Each Join technique has a different performance profile for the two most basic scenarios:

The outer sequence has many records, and you want all of them—An example of this scenario is when you are binding the full sequence of results to a grid or other repeater control. For example, the following code demonstrates a one-to-one join where outer collection has many records:
```
var q1 = from outer in orders
         join inner in customers on
            outer.CustomerID equals inner.CustomerID
```
The outer sequence has only a few records, either by count or because of a strict where clause (targeting a single record is the most common)—An example of this scenario is when you are looking up a single record for editing purposes. For example, the following code demonstrates a one-to-one join where a single record is isolated in the outer collection:
```
var q1 = from outer in orders
         where outer.OrderNumber == "Order 3"
         join inner in customers on
            outer.CustomerID equals inner.CustomerID
```

The test data used for this experiment is small—up to 100 orders and 5 customers (for a full listing, see Table 2). This is an unrealistic size of data, but it does provide a stable platform for understanding relative performance characteristics. This experiment is looking at how the relationship between outer and inner sequence collection size impacts query performance.
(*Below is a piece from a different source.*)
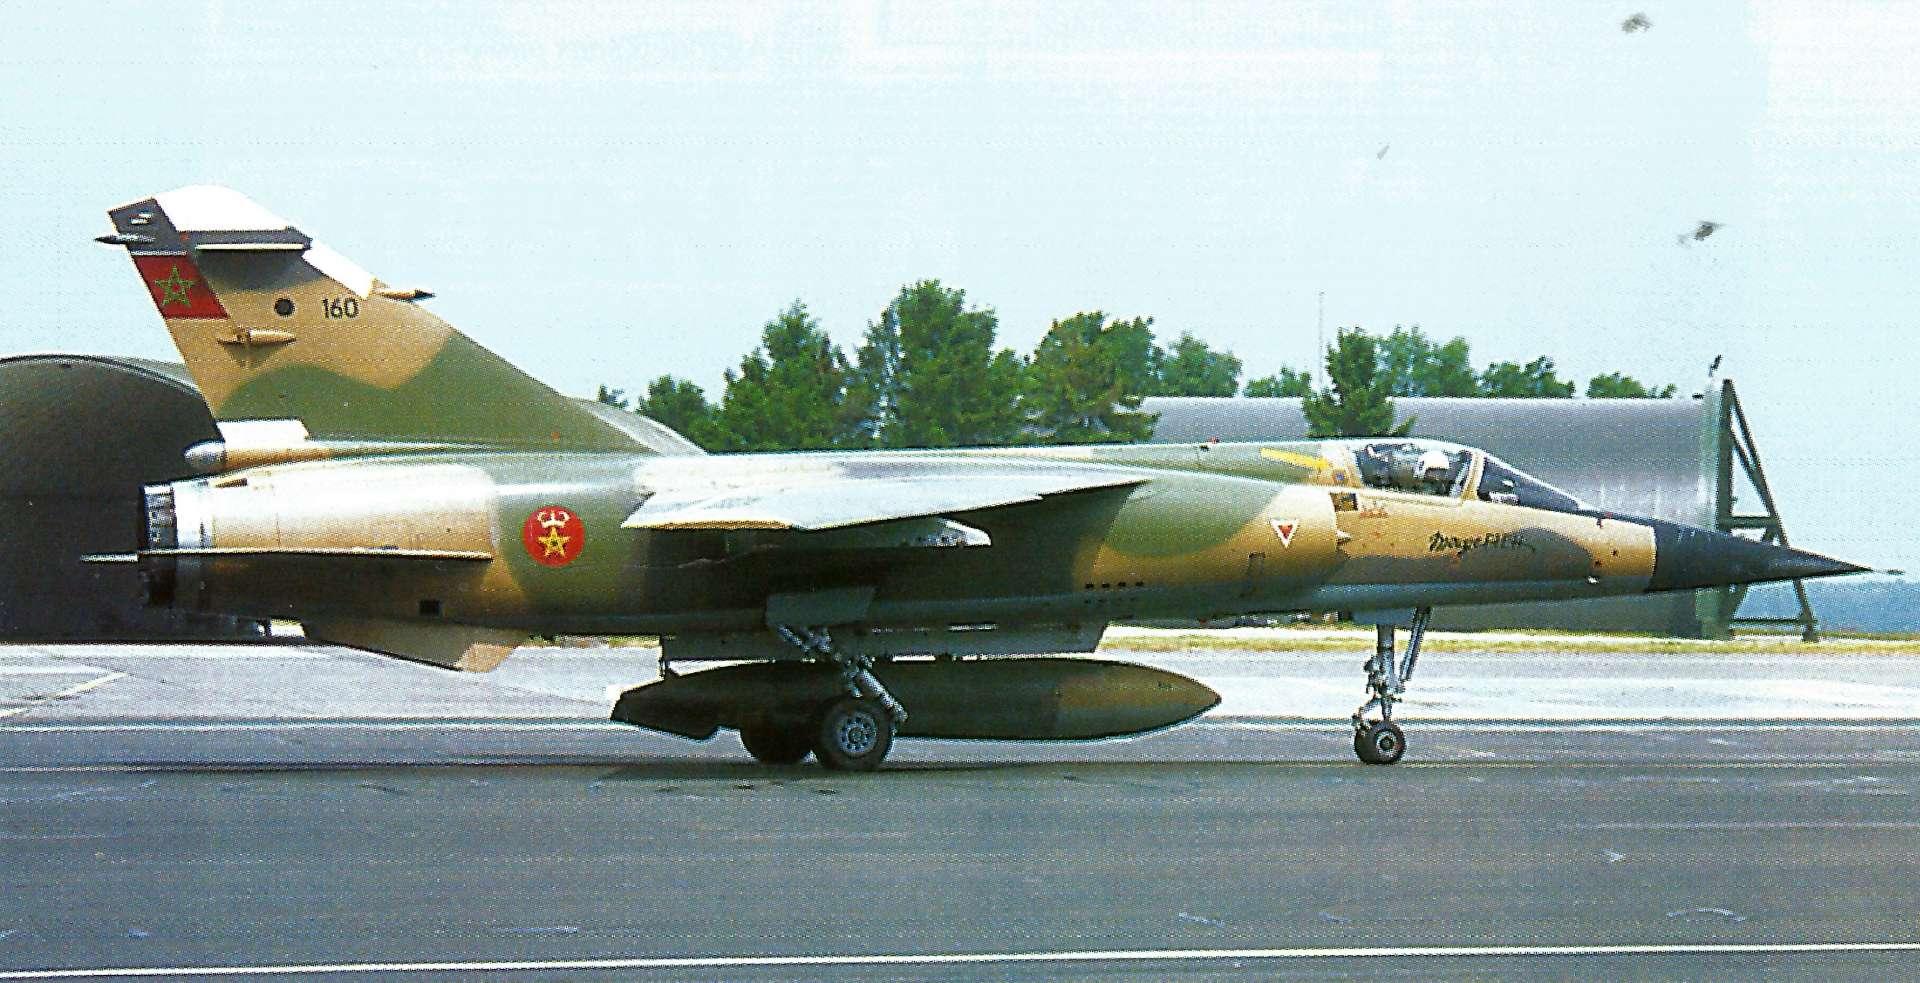 Échanges franco-marocain - Mirage F1 - 2003/2004 16011

Table 3 shows the results of this experiment.

Table 3. One-to-One Join Techniques and Their Performance Comparisons Using 1M Iterations
Join Technique Iterations = 1M	Scenario 1 -Many Record Performance Outer n = 100 Inner n = 5	Many Record Performance Outer n = 50 Inner n = 5	Many Record Performance Outer n = 5 Inner n = 5	Scenario 2 - Single Record Performance Outer n = 1 Inner n = 5
Using the `join` (or `Join`) operator Listing 2	21793ms (1 - best)	11319ms	2432ms	1852ms (4 - worst)
Using a subquery in the select projection Listing 4	75897ms (3)	40464ms	4375ms	1493ms (2)
Using the `SingleOrDefault` operator in the select projection Listing 5	56335ms (2)	27412ms	3758ms	1320ms (1 - best)
Using a cross join with a `where` filter Listing 6	80829ms (4 - worst)	40424ms	5142ms	1636ms (3)

Note

The actual numbers in seconds are highly subject to hardware and available memory; they are shown here for relative purposes only. This experiment is to differentiate performance of the different join techniques.

Plotting the results for 100, 50, and 1 demonstrates how linear the performance characteristic is against outer loop count. The join syntax always wins until the outer sequence size drops to below five. However, when the outer-sequence count is less than five, all syntax options are instant unless you are running one million iterations.

From this simple experiment, some conclusions can be drawn:

Use the Join syntax for all one-to-one scenarios unless the outer sequence has less than five elements
Use the SingleOrDefault syntax when the outer-sequence size is less than five elements and the number of iterations is in the hundreds of thousands.

Figure 1. Different one-to-one Join techniques. Time taken for 1M iterations against an outer sequence of 100, 50, and 1 element count. Join syntax is faster until around an outer-sequence size of five elements.
Never use the cross join/where syntax for one-to-one joins. Enumerating every combination of element versus element only to filter out all but a few results impacts performance in a big way.
Use a relational database system for large volume join operations where possible.